En sus orígenes, el principal dilema del PAN era decidir si asumirse como una oposición leal dentro del sistema o abrir un frente directo contra su histórico adversario, el Partido Revolucionario Institucional (PRI). Optar por la “oposición leal” implicaba participar en procesos electorales bajo reglas poco equitativas, denunciar los abusos del poder y exigir el respeto a los resultados, sobre todo a nivel municipal. Paradójicamente, el episodio que más legitimidad otorgó a su lucha fue su decisión de no participar en la elección presidencial de 1976, debido a un conflicto interno que impidió designar candidato. Esa ausencia evidenció la falta de competencia real en el país y sumió al régimen priista en una crisis de legitimidad, que derivó en la trascendental reforma política de 1977.
Durante su camino al poder, el PAN encontró aliados diversos, aunque su fortaleza se consolidó principalmente gracias al apoyo de la sociedad civil y los grupos empresariales del norte y occidente del país. La legitimidad del partido se cimentó en sus cuadros y liderazgos, muchos de ellos provenientes del sector empresarial, que contaban con la credibilidad suficiente para cuestionar abiertamente al régimen priista.
No obstante, una vez que el PAN alcanzó la presidencia en el año 2000, todo cambió. El triunfo de Vicente Fox sorprendió incluso al propio partido: un liderazgo atípico, externo a las estructuras tradicionales, llevó al PAN al poder. Sin embargo, esa falta de experiencia en el ejercicio gubernamental pronto se evidenció.

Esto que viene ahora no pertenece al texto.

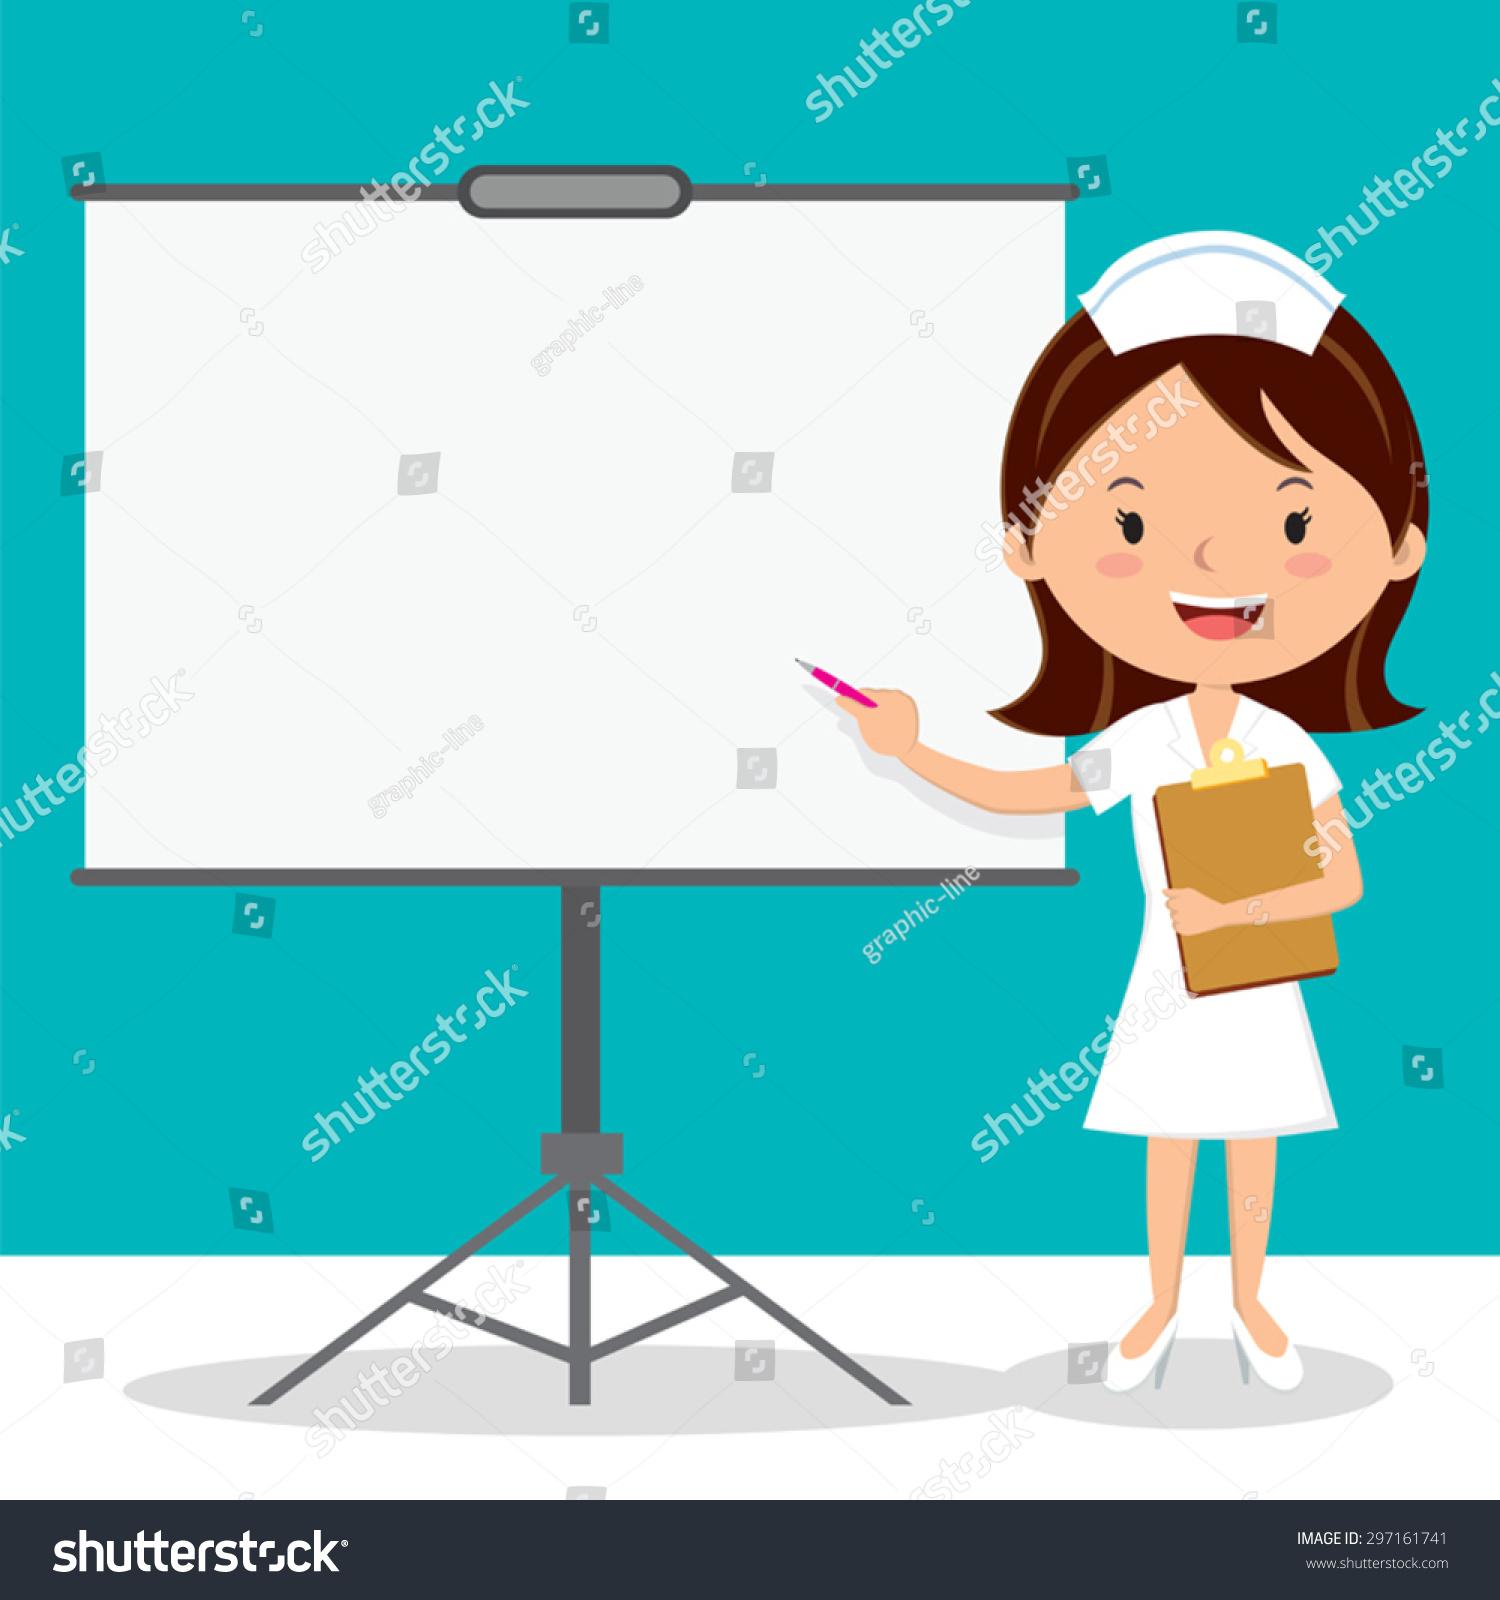 presentation of phaedra and nurse in Phaedra as a tragic heroine in jean racine's phaedra topics: tragedy class civ discuss the presentation of phaedra and nurse in hippolytus.

El segundo sexenio panista, encabezado por Felipe Calderón, profundizó las dificultades: su decisión de lanzar la “guerra contra el narcotráfico” marcó el inicio de la militarización del país y generó un alto costo político y social. Tras doce años en el poder, el desgaste era evidente, y la derrota de 2012 confirmó una pérdida de rumbo.

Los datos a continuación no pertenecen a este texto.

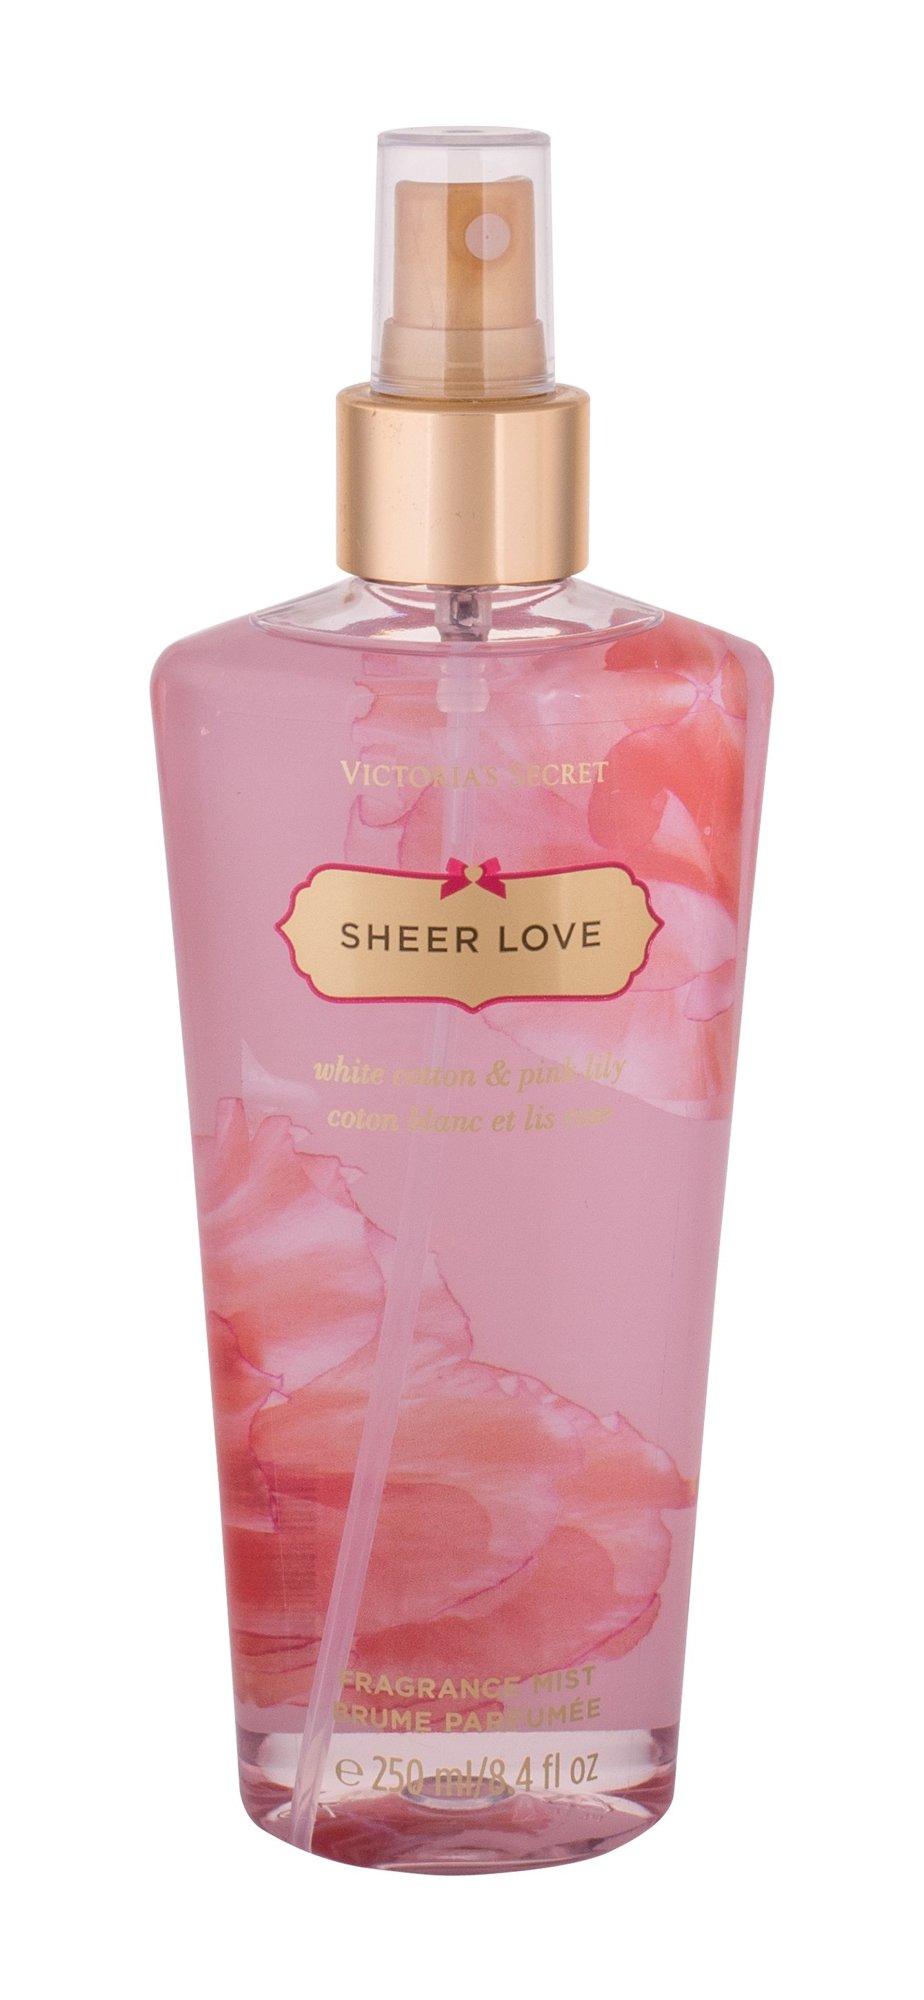 Victoria´s Secret Sheer Love Nourishing body spray 250ml

El declive se acentuó con la llegada de Andrés Manuel López Obrador al poder en 2018, quien no olvidó la polémica elección de 2006. Desde entonces, el PAN perdió la brújula. La ausencia de liderazgos sólidos, sumada a la alianza con el PRI y el PRD a partir de 2021, diluyó aún más su identidad histórica como partido de principios. La candidatura presidencial de 2024 —una figura identificada como “neopanista”— simbolizó el fracaso de una generación que creció bajo el amparo del poder y fue incapaz de interpretar los cambios sociales y políticos que demandaban renovación.
Uno de los momentos más delicados para el partido fue la condena de Genaro García Luna, secretario de Seguridad Pública durante el gobierno de Calderón acusado de nexos con el crimen organizado. El PAN fue incapaz de asumir responsabilidad o realizar una autocrítica. A ello se sumó la actuación de figurasdel partido como los Yunes, quienes decidieron cambiar de partido y votar junto con Morena la reforma judicial, evidenciando la fragmentación interna.
En un intento por recuperar legitimidad, el partido presentó en días recientes una nueva imagen: cambio de logotipo y una estrategia política basada en la “apertura total a la ciudadanía”. Entre las medidas anunciadas destacan la eliminación de candados para la afiliación, la implementación de elecciones primarias abiertas y la promesa de independencia partidista, renunciando a futuras alianzas.
Pese a ello, el PAN sigue sumido en una crisis profunda. Sus liderazgos nacionales están fuertemente cuestionados —desde su presidente hasta figuras como Ricardo Anaya— y su discurso parece desconectado de las demandas ciudadanas. La idea de que recuperar la identidad pasa por renunciar a las alianzas es, en el mejor de los casos, una estrategia insuficiente; en el peor, un error de cálculo que reduce la renovación a un cambio meramente cosmético.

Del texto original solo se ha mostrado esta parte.